Sandra McCoy, an assistant adjunct professor of epidemiology at the University of California-Berkeley, who presented the findings, reported that women who used injectable hormones were 1.4 times more likely to acquire HIV when condoms were used infrequently or not at all, compared to women who were not using such contraception. But there was no elevated risk of HIV among women who used oral contraception.

The second study, from the University of Washington, compared rates of HIV disease progression among 2,236 HIV-infected African women using hormonal contraception with those who were not. The study revealed that hormonal contraception did not accelerate disease progression and was further associated with a reduced risk of developing HIV-related disease.

The findings come on the heels of a Feb. 20 statement by the World Health Organization (WHO) that prior studies linking hormonal contraception to elevated risk of HIV acquisition are “insufficiently conclusive” to justify changing current guidelines. The statement did add, however, that because of the possibility that hormonal contraception might increase HIV risk, women who use injectable contraceptives containing progesterone should always use male or female condoms and other HIV preventive measures.

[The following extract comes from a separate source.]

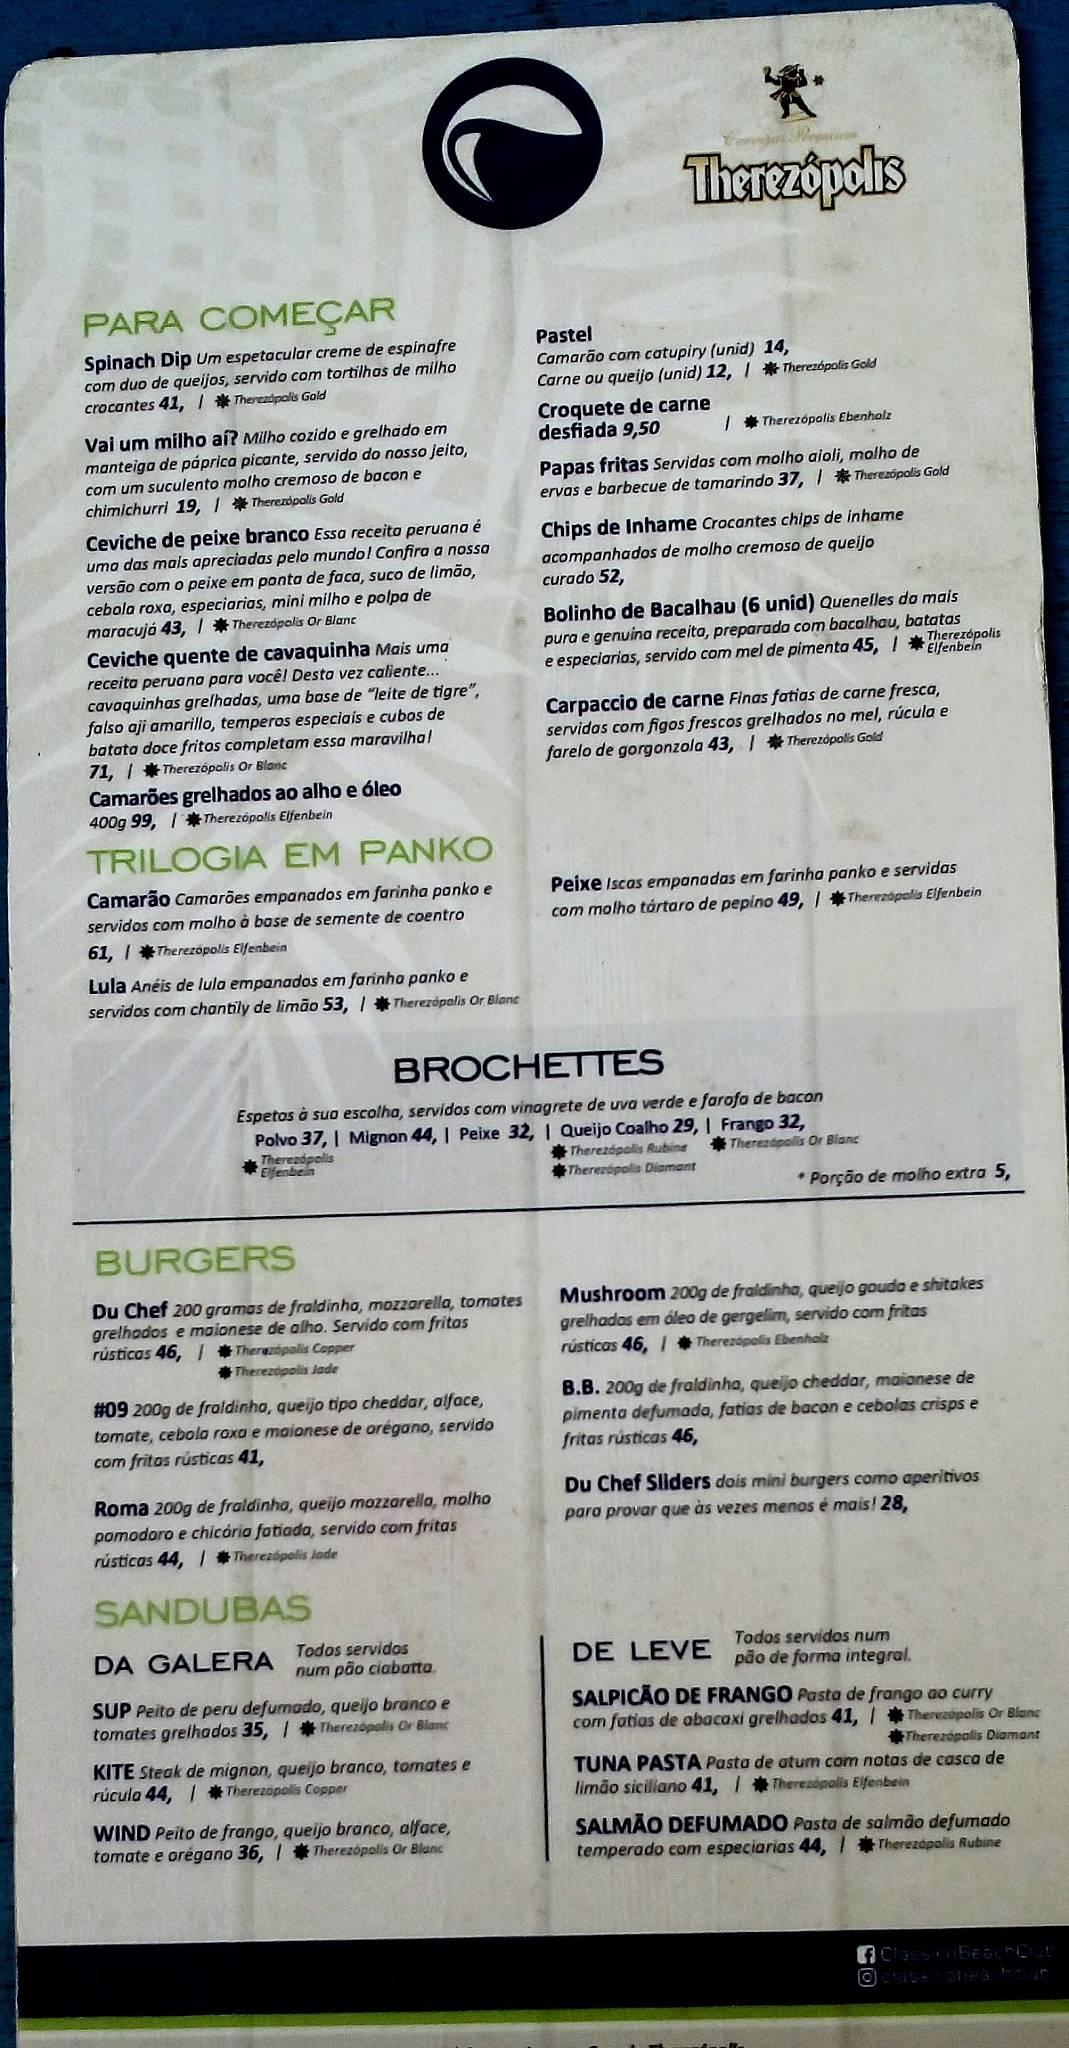 Clássico Beach Club - Urca, Rio de Janeiro - Restaurant menu and reviews

During her keynote talk at CROI, Quarraisha Abdool Karim criticized the WHO statement for its vagueness. “I think it is a very weak statement,” she said in response to a question. “It overemphasizes the role of Depo-Provera in terms of fertility control. And in a country like South Africa, with its huge HIV burden and extensive use of Depo-Provera, I was expecting something more definitive to come through from that consultation.”